Feature Selection: Identifying the most important features can guide future data collection efforts and potentially simplify the model.
We'll use the Decision Tree's built-in feature importance metric, which measures the average reduction in entropy when a particular feature is used for splitting.
The following code will:
The horizontal bar chart provides a visual representation of the relative importance of each feature, while the printed values give us precise numerical data.
# Feature importance
importances = clf.feature_importances_
feature_names = X.columns
# Sort feature importances in descending order
sorted_idx = np.argsort(importances)
sorted_importances = importances[sorted_idx]
sorted_feature_names = feature_names[sorted_idx]
# Plot feature importances as a horizontal bar graph
plt.figure(figsize=(8, 4))
y_pos = np.arange(len(sorted_feature_names))
plt.barh(y_pos, sorted_importances)
plt.yticks(y_pos, sorted_feature_names)
plt.xlabel('Importance')
plt.title('Feature Importance')
plt.tight_layout()
plt.show()
# Print feature importances
print("\nFeature Importances:")
for name, importance in sorted(zip(feature_names, importances), key=lambda x: x[1], reverse=True):
print("--"+f"{name}: {importance:.4f}")
Feature Importances: --hr_mean: 0.6134 --accel_mean: 0.0720 --hr_max: 0.0443 --accel_std: 0.0435 --hrv_rmssd: 0.0423 --hr_min: 0.0415 --accel_dominant_freq: 0.0270 --accel_min: 0.0265 --hrv_sdnn: 0.0261 --accel_median: 0.0259 --accel_max: 0.0231 --hr_std: 0.0145 --hrv_pnn50: 0.0000
In many real-world scenarios, we encounter datasets where the distribution of classes is not equal. This is known as class imbalance. For example, in medical diagnosis, the number of healthy patients might vastly outnumber those with a rare condition. In our sleep stage classification, we're simulating a scenario where "Wakefulness" is much more common than "REM" or "NREM" stages.
When dealing with imbalanced datasets, overall accuracy can be a misleading metric. Here's why:
Majority Class Bias: A model can achieve high accuracy simply by always predicting the majority class. For instance, if 95% of our data is "Wakefulness", a model that always predicts "Wakefulness" would be 95% accurate, despite being utterly useless for identifying the other sleep stages.
Overlooking Minority Classes: Accuracy gives equal weight to all predictions. In an imbalanced dataset, the performance on minority classes has little impact on the overall accuracy. A model could perform poorly on important but rare classes while maintaining high overall accuracy.

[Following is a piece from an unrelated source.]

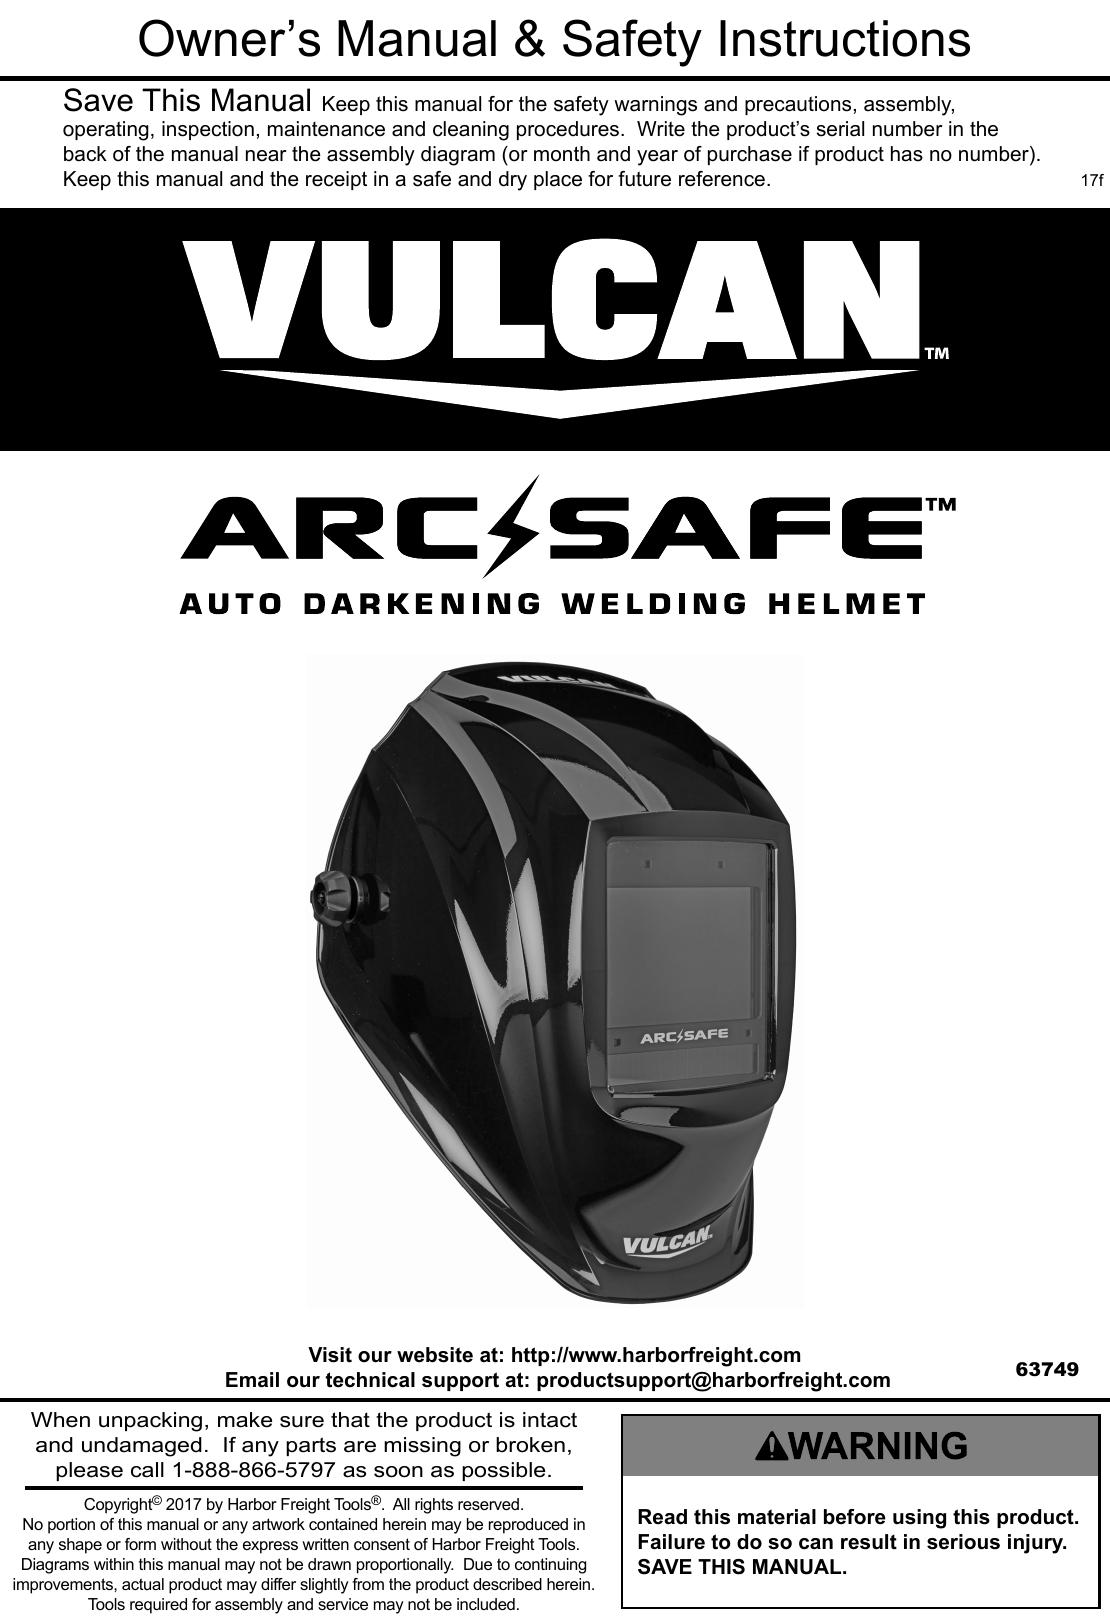 manual for the 63749 arc safe™ auto darkening welding helmet Welding Helmet Outline

False Sense of Performance: High accuracy might lead us to believe our model is performing well across all classes, when in reality it might be failing to identify critical minority cases.
Balanced accuracy addresses these issues by giving equal weight to each class, regardless of its frequency in the dataset. Here's how it works:
Definition: Balanced accuracy is the average of recall obtained on each class.
Calculation: For each class, calculate the proportion of correct predictions (recall). Then, take the average of these recall values.
Interpretation: A balanced accuracy of 0.5 for binary classification (or 1/n for n classes) represents the performance of random guessing. Any value above this indicates better-than-random performance across all classes.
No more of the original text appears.